The expression he wore on his face now made me stop in the middle of my sentence. His eyes had filled with tears and he was struggling to hold them back. Struggling with something else, too. And it really showed on his facial features.

“Do you even care that we’re all worried about you?” I asked.

He nodded, silently.

“Then tell me,” I said. “Tell me what happened. Just say it.”

“Why?” he said. “So you can hate me? So I can never look you in the eye again? So you never have to talk to me again because you’ll be so disgusted by what I tell you?”

“Taylor, you know that’s not why,” I said. “I won’t hate you.”

“How can you say that?” he said. “How can you say that when for the past month or more, you’ve done nothing but give me the cold shoulder and talk to my in monosyllables when you talked at all?”

That stung.

“Please tell me,” I said. “I promise I don’t and won’t hate you.”

He shook his head. “I can’t tell you.”

I walked closer to him. “Tell me, Taylor.”

He shook his head again, more forcefully.

I moved to wrap him in my arms the way I did when we were little and he skinned his knee while Zac went to go find our mom and tell her what happened so she could come to the rescue with Batman band-aids. But there were no band-aids that were going to rescue us in this situation and he just struggled away, accidentally knocking some papers off the desk behind him in doing so.

“Stop, Isaac,” he said. “Don’t make me do this.”

“I don’t know what else to do,” I said.

“You wouldn’t understand,” he said.

“How do you know that?”

“You wouldn’t understand,” he repeated, his voice raising.

“How do you know that?” I repeated in return.

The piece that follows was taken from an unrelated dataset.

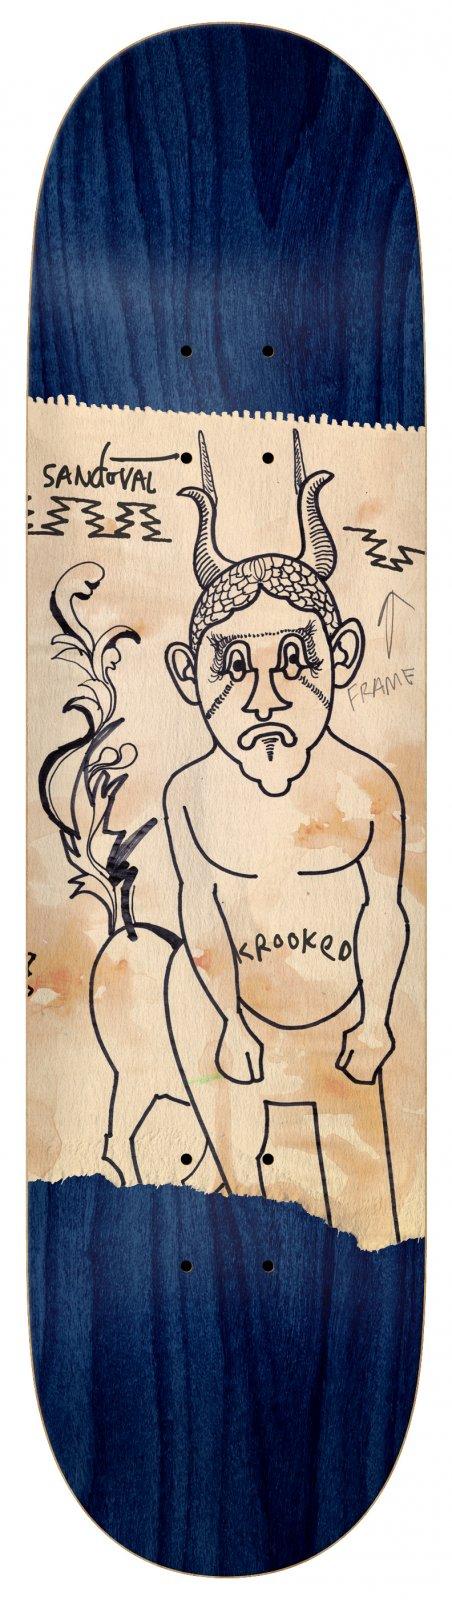 Krooked SANDOVAL GOAT DUDE 8.25 x 32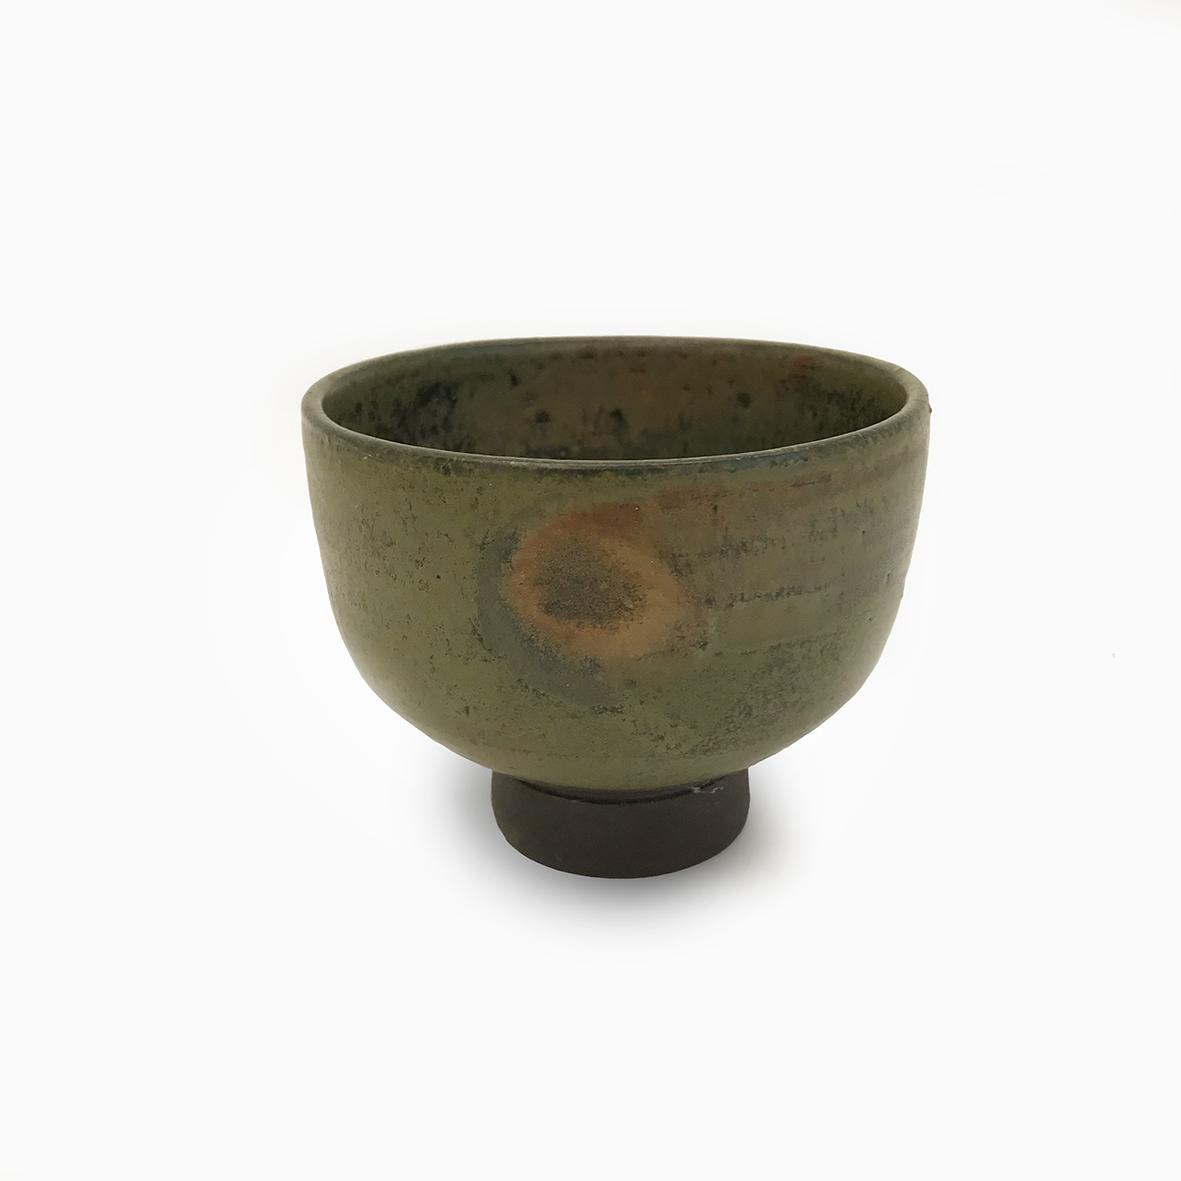 Shawan | Shoji Hamada | Ceramic | Mashiko, Japan | basedonart gallery

He opened his mouth to say something else, but just then Parker and Zac entered the room together, both looking confused and afraid. But Zac didn’t look quite as afraid as he had in the bathroom that day.

“Guys?” he spoke. “What’s going on?”

I looked at Taylor and he looked at me.

“Ask Ike,” he said before pushing past both of them.

I heard him clomp down the stairs and the door slam. I stared at Parker and Zac, knowing my shock showed on my face.

“What was that about?” Parker asked.

Danielle Steele fans please don't beat me up.